Thrillers are so hit or miss for me. The procedural aspect bores me, I hate when an author keeps misdirecting me to the point of my not caring who did it and there is usually a lack of relationships so there’s no one to root for.

Roehrig avoids most of these issues by giving us a very relatable 15 year old Flynn as the main protagonist. After an argument, Flynn’s ex-girlfriend January has gone missing and the police show up at his house for questioning. Flynn has a pretty big secret he wants to keep from everyone but is just as worried as everybody else about her disappearance, leading him to do a little snooping on his own. He discovers that the things January told Flynn about her new swanky private HS and job don’t match with reality and he might not know his best friend and ex girlfriend as well as he thought he did.

There are clues to January’s disappearance peppered throughout with plenty of suspects – her politically ambitious step father, his ruthless campaign manager, her pervy step brother, unhinged mother and a number of other people but I felt this was all delivered in a low key way that let you discover the clues on your own and make your guess rather than saying he/she’s the killer! Never mind they aren’t! Psyche! Not that there isn’t any misdirection but it felt natural to the story for me.
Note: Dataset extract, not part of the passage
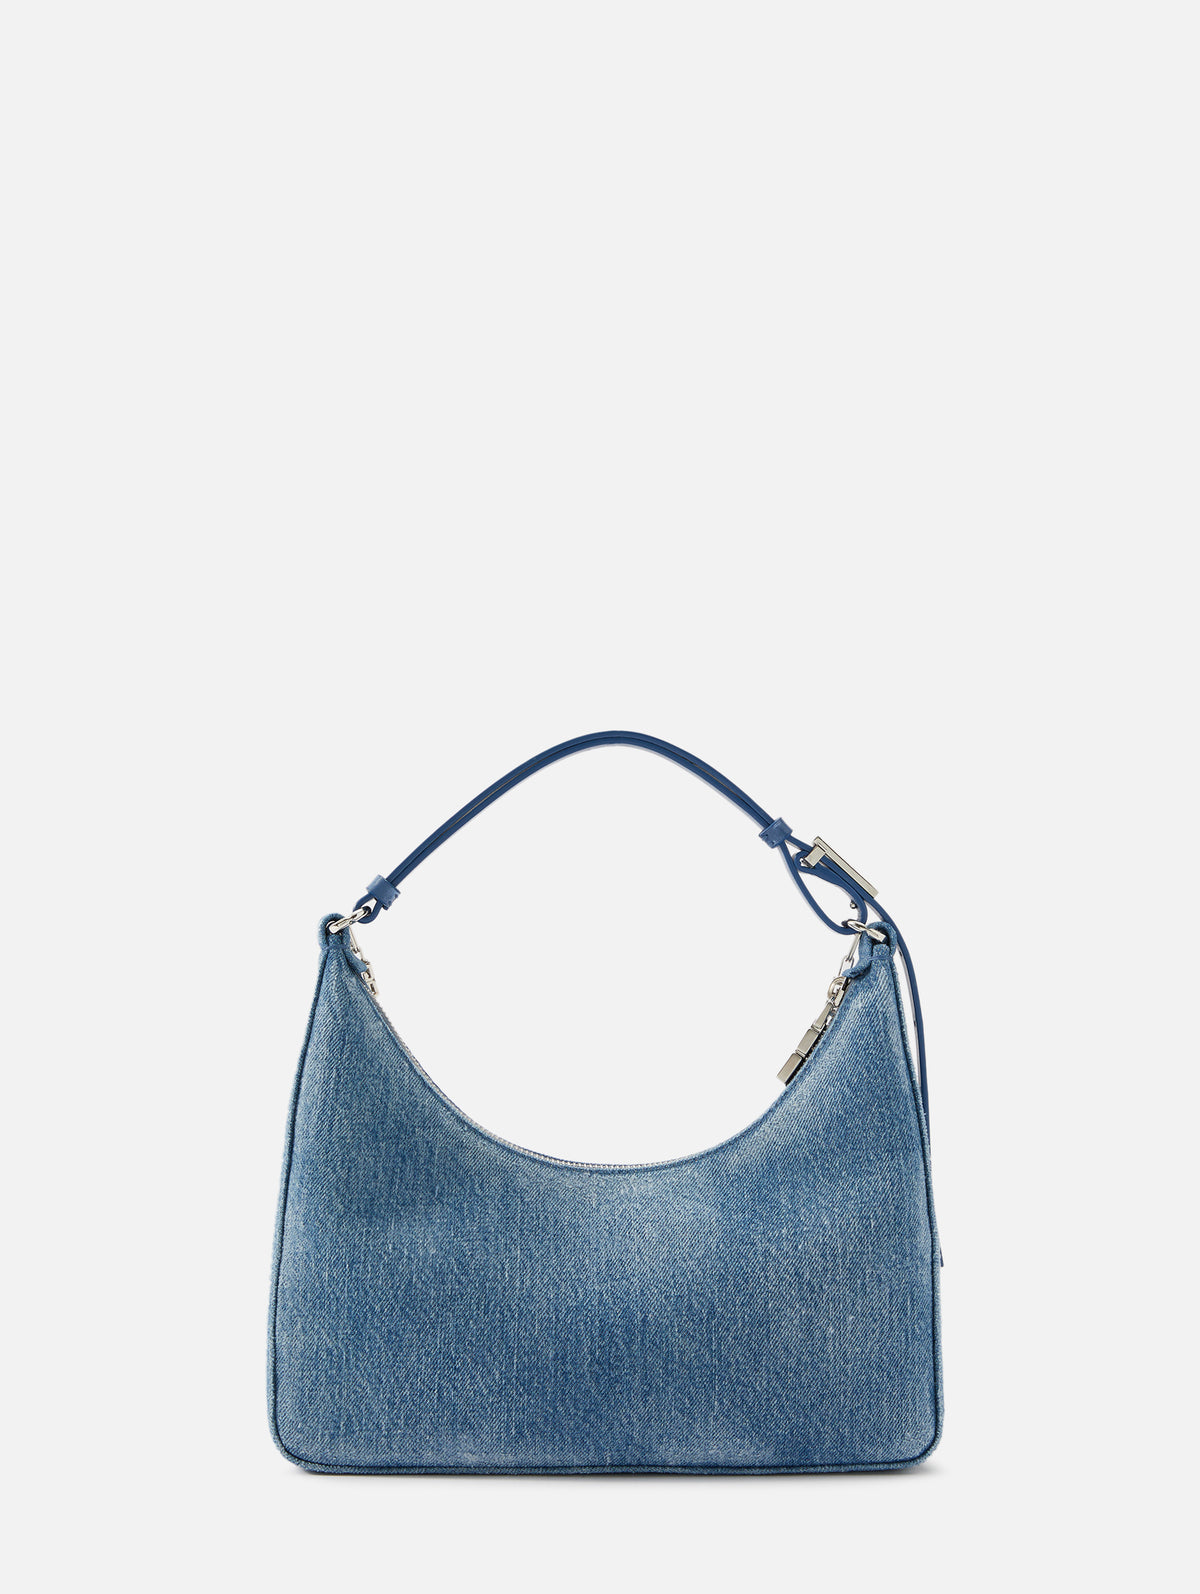 Givenchy Mini Cut Out Leather Shoulder Bag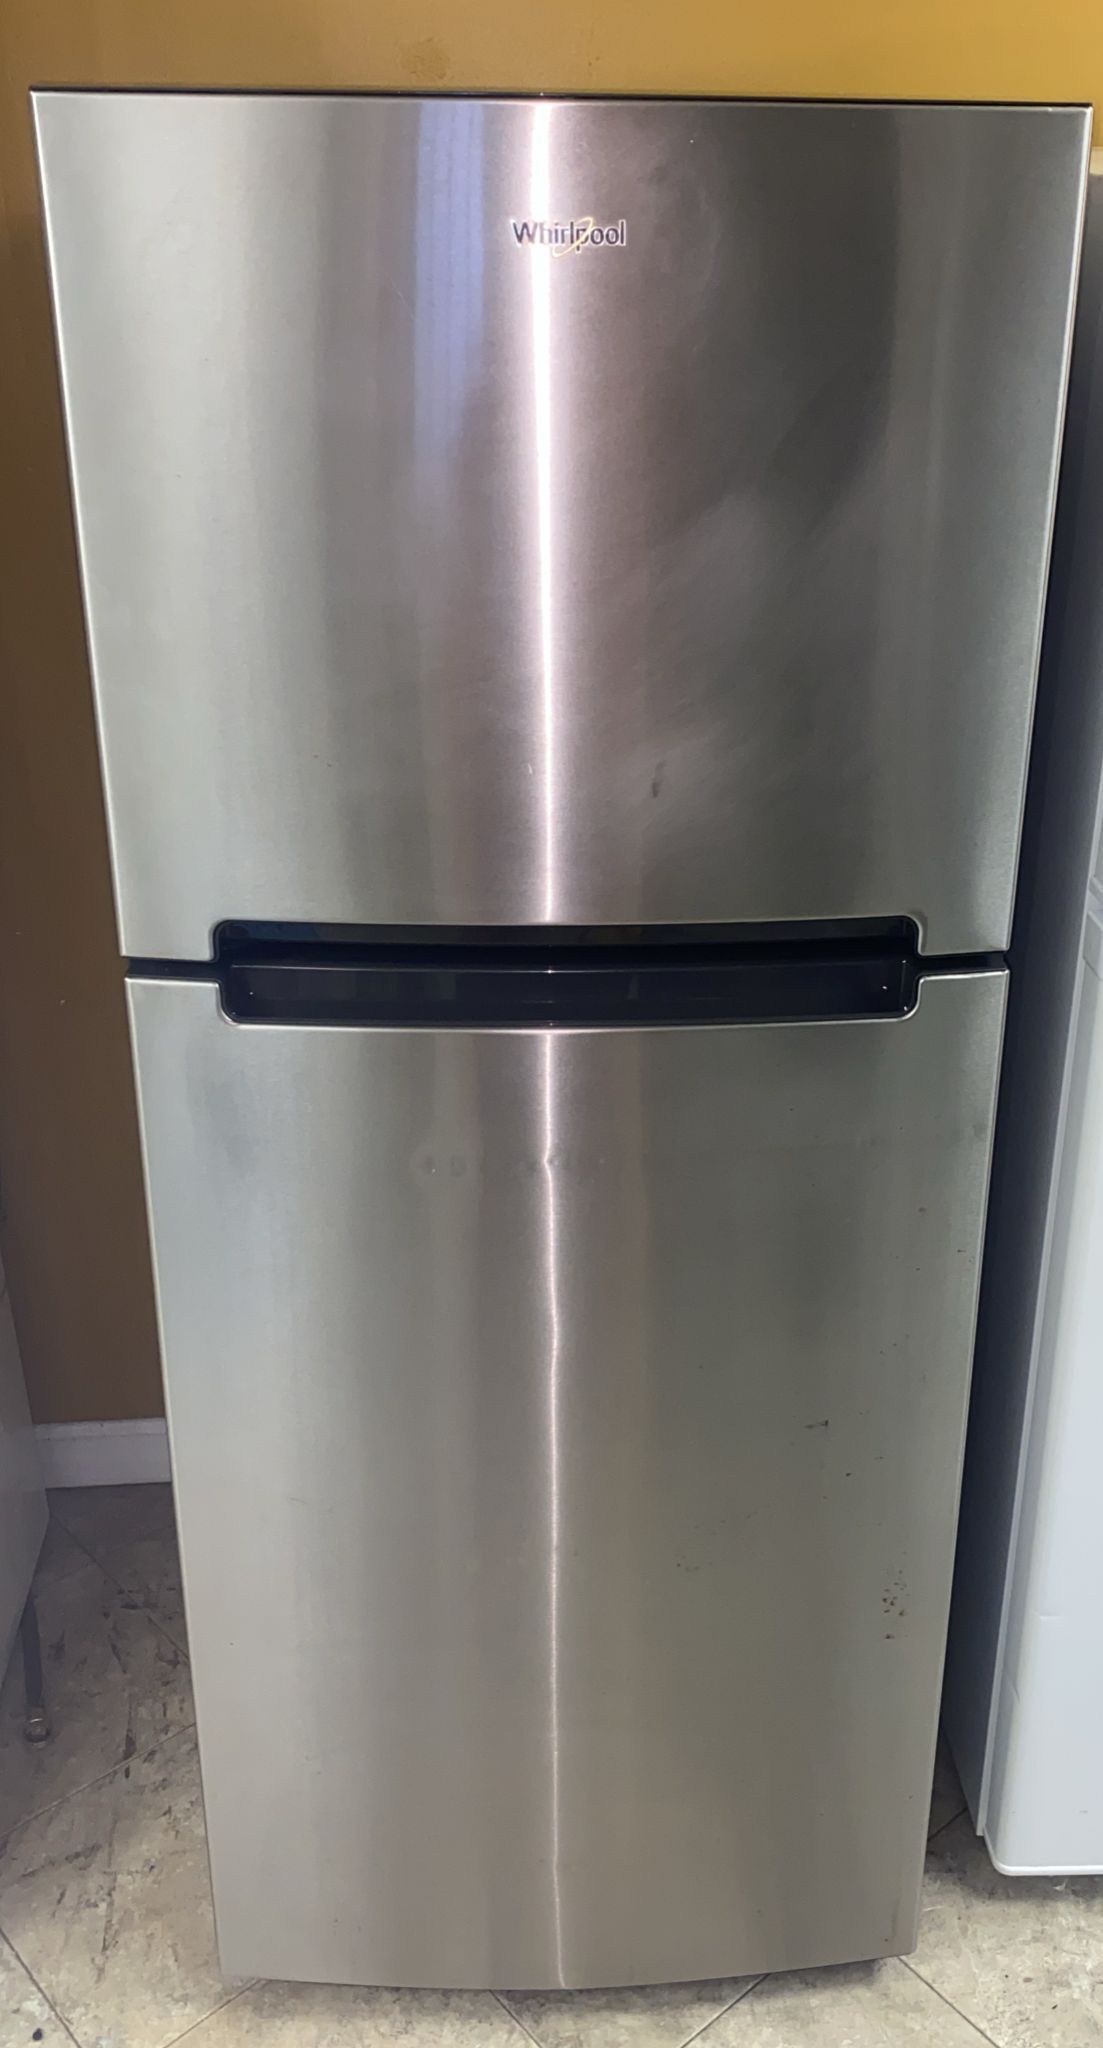 Whirlpool Refrigerator $295.00 USD* · Marca: Whirlpool 18' Whirlpool Stainless Steel refrigerator, like new. Asking $295 firm.

Then we have Flynn’s path to self discovery and acceptance via his search for January. Although January is mostly seen only through flashbacks, she’s just as vibrant a character as Flynn.

The author does a fantastic job of weaving Flynn’s memories of his time with January with his present predicament and new blossoming romance. I cared about all parties involved, worried for the outcome and was rooting for Flynn’s happiness.

There were a few awkward transitions between scenes with Flynn and, Kaz, the boy helping him investigate. They would be having a rather intense personal conversation – get sidetracked by the case – then it would pick up a few days later. I would have liked to see how they ended those encounters but that’s a minor nitpick.

I read very few mystery/thrillers so your mileage may vary on whether this works for you. For me Last Seen Leaving was moody, tense and surprisingly sweet and had the right balance of chills and character complexity. I would describe it as a genre cross between coming of age and a thriller. I’m really looking forward to Caleb Roehrig’s next book – White Rabbit.